La méthode par questionnaire peut favoriser l’objectivation de certains non-respects de procédures ou bonnes pratiques, de certaines difficultés, de certains ressentis, de valeurs, d’une subjectivité certaine en les quantifiant. Ainsi, il facilite la mesure des différentes violations routinières, par nécessité ou par commodité. Il nous aide aussi à préciser certains affects qu’éprouvent les IBODE questionnés quand ils relatent les non respects de bonnes pratiques.

La méthode qualitative peut permettre de comprendre les modes de réduction notamment le changement d’attitude généré par l’état motivationnel induit par la dissonance. Elle peut aussi favoriser l’expression de violations de quelques types soient-elles. Ainsi, nous pourrons mettre en évidence la nature des violations versus état de dissonance et modes de réduction éventuels. Elle peut complémenter de même notre recueil de données quant aux valeurs et qualités professionnelles exprimées par les IBODE.

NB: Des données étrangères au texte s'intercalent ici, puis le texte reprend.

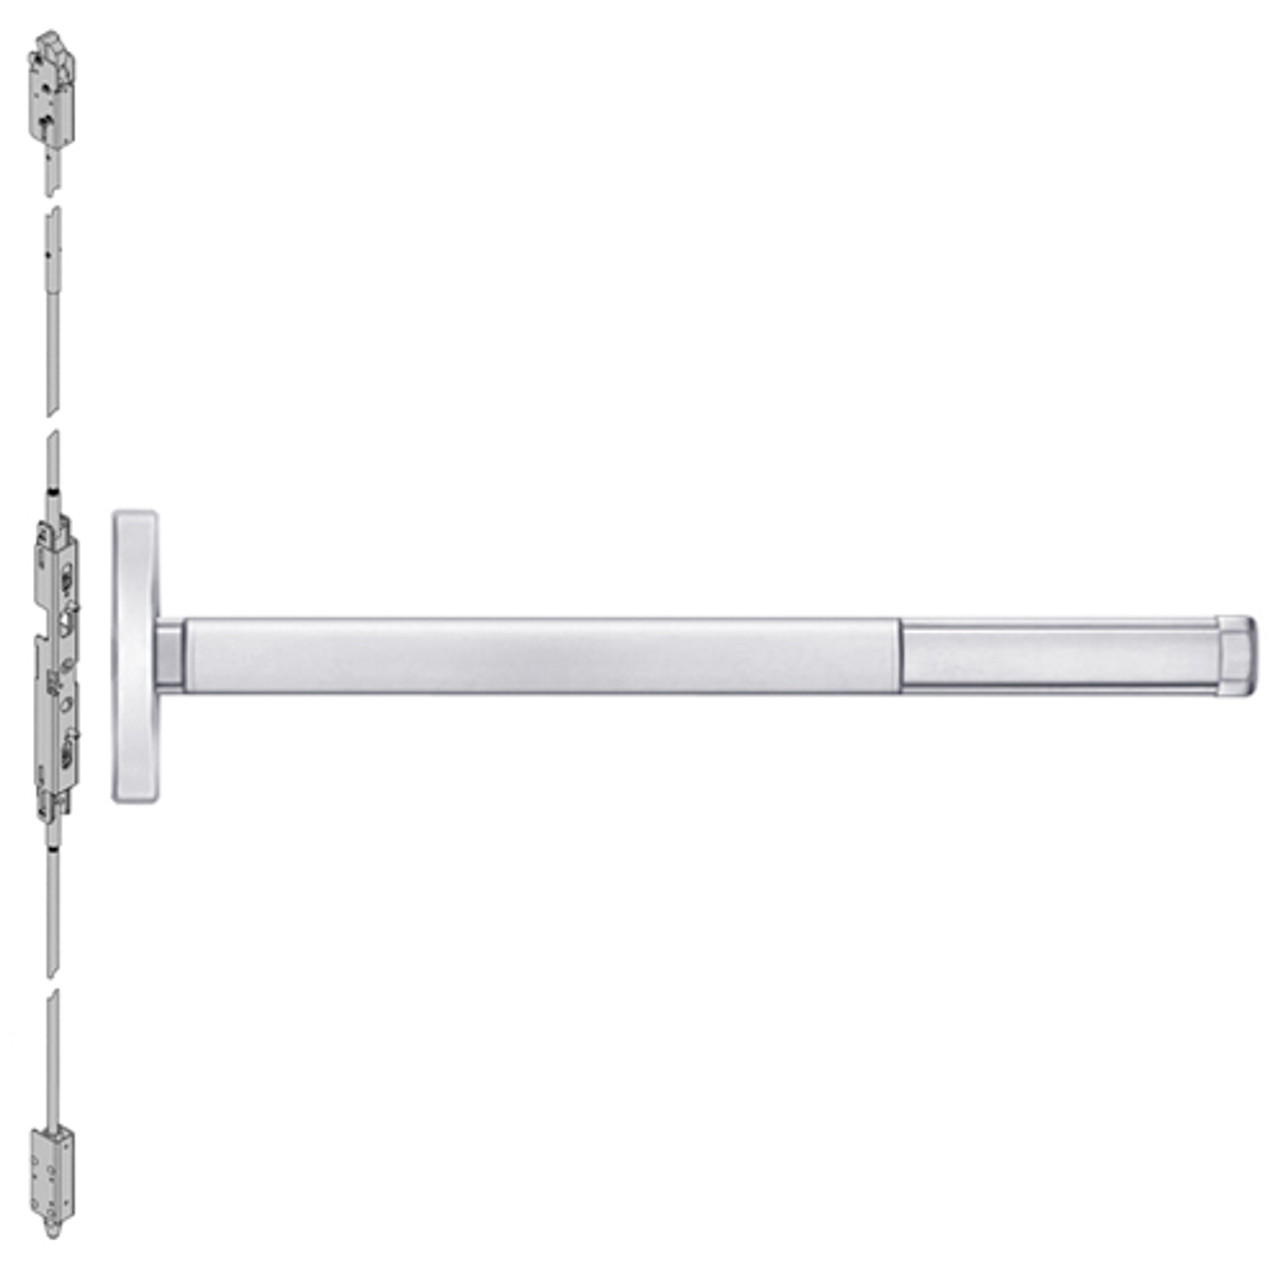 DE2614LBR-625-48 PHI 2600 Series Concealed Vertical Rod Exit Device with Delayed Egress Prepped for Lever Always Active in Bright Chrome Finish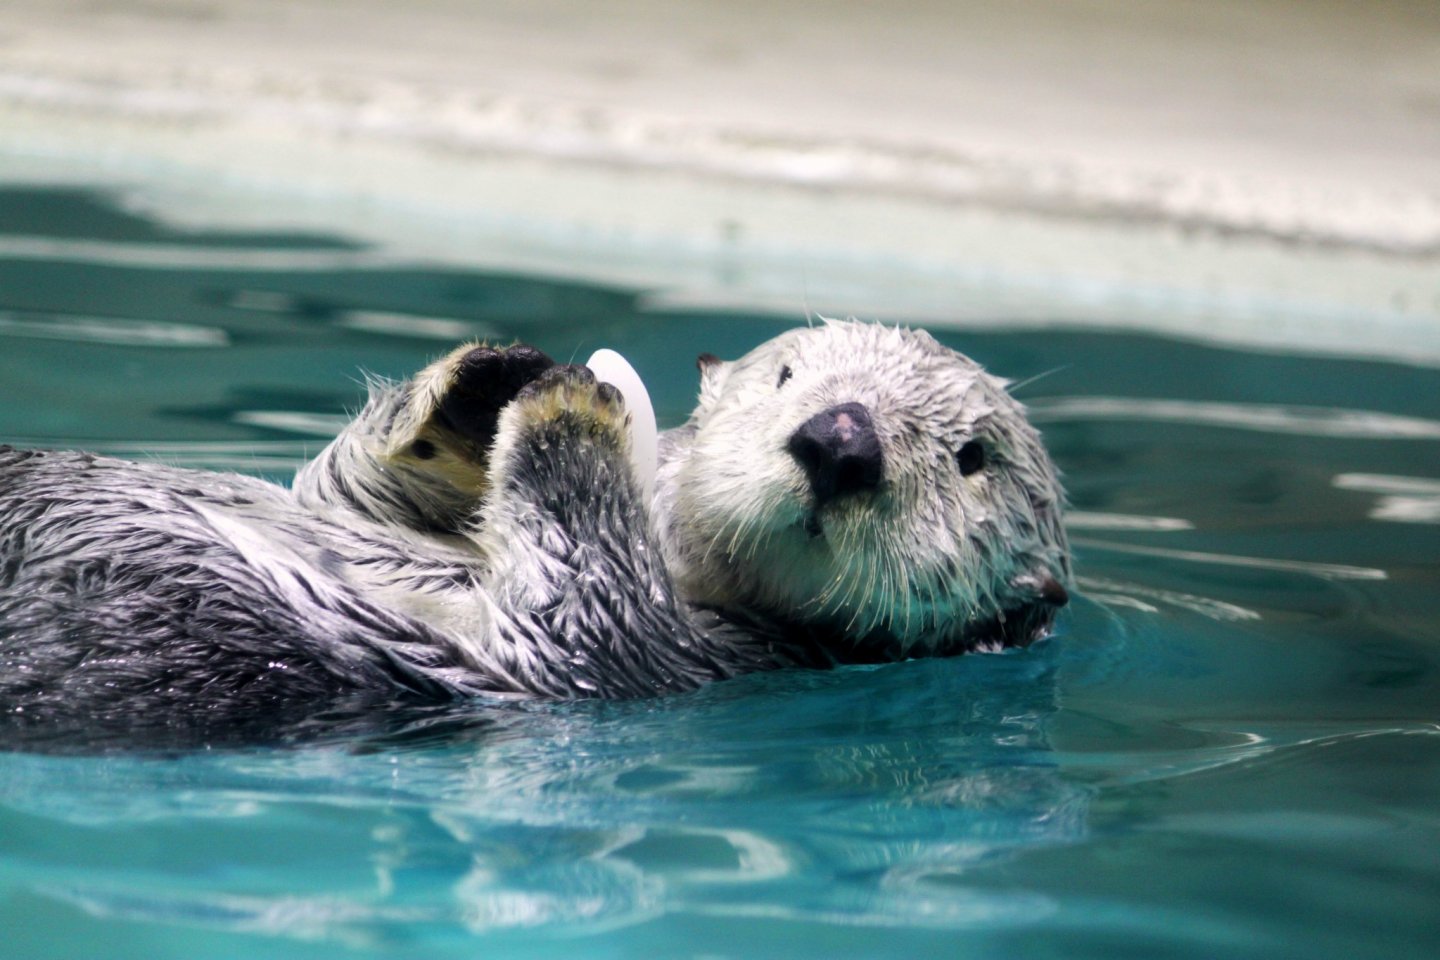 I was really looking forward to meeting the sea otter!

La technique de l’entretien quant à elle, est bien antérieure à celle reconnue en sciences sociales. Il y a des siècles son usage diplomatique renvoyait au dialogue établi entre deux souverains. Mais avec l’étude réalisée à la Western Electric, « se déroule une enquête

141 d’évaluation d’un style nouveau qui sera rapportée, commentée et théorisée en 1943 par ceux que l’on considère comme les fondateurs de l’entretien de recherche : Roethlisberger et Dickson » (Blanchet, Gotman, 1992, p. 9). Ces chercheurs étudièrent l’ampleur et l’étendue des « relations interpersonnelles dans la motivation au travail » (Ibid., p. 10). Ainsi, le questionnaire ne satisfaisait plus dans la mesure où les ouvriers interrogés se trouvaient dans l’incapacité de s’exprimer librement puisqu’ils devaient renseigner des questions envisagées par les chercheurs. De la sorte, « d’une information qui constituait une réponse ponctuelle à une question directe de l’enquêteur, on est passé à une réponse-discours obtenue par des interventions indirectes de l’enquêteur » (Blanchet, Gotman, 1992, p. 9). En conséquence, par le biais des échanges, la mise en mots de la subjectivité de l’enquêté pourrait être facilitée car « les méthodes d’entretien se distinguent par la mise en œuvre des processus fondamentaux de communication et d’interactions humaines. De plus, « correctement mis en valeur, ces processus permettent au chercheur de retirer de ses entretiens des informations de réflexion très riches et nuancées » (Quivy, Campenhoudt, 1995, p. 194). Par conséquent, ce dialogue entretiendra l’expression des perceptions d’un évènement et de leurs pratiques de travail. L’infirmier IBODE pourra justifier son interprétation de certaines situations, de certains comportements au regard de questionnement singulier. Ainsi, le fait d’être en interrelation lors de la communication favorisée par la méthode de l’entretien pourra encourager différents niveaux de communication. Nous retrouverons alors différents degrés où la communication se développera. Tout d’abord, « le niveau corporel correspond au comportement non verbal, le niveau émotionnel intègre les émotions, les sentiments, le niveau intellectuel repose sur le discours, les raisonnements, l’argumentation. Le niveau spirituel représente les valeurs et les croyances de l’individu. » (Guittet, 2008, p. 7). Nous essaierons donc de permettre l’expression de ces diverses dimensions. Ainsi, l’entretien « fait appel au point de vue de l’acteur et donne à son expérience vécue, à sa logique, à sa rationalité, une place de premier plan » (Blanchet, Gotman, 1992, p. 23).

De façon complémentaire, le questionnaire est censé interroger des variables telles que des affects auto-rapportés, la typologie des violations. Il permet ainsi d’appréhender la population des IBODE face aux procédures contournées. Les entretiens permettront de donner du sens à des comportements. Ils faciliteront une compréhension de phénomènes vécus.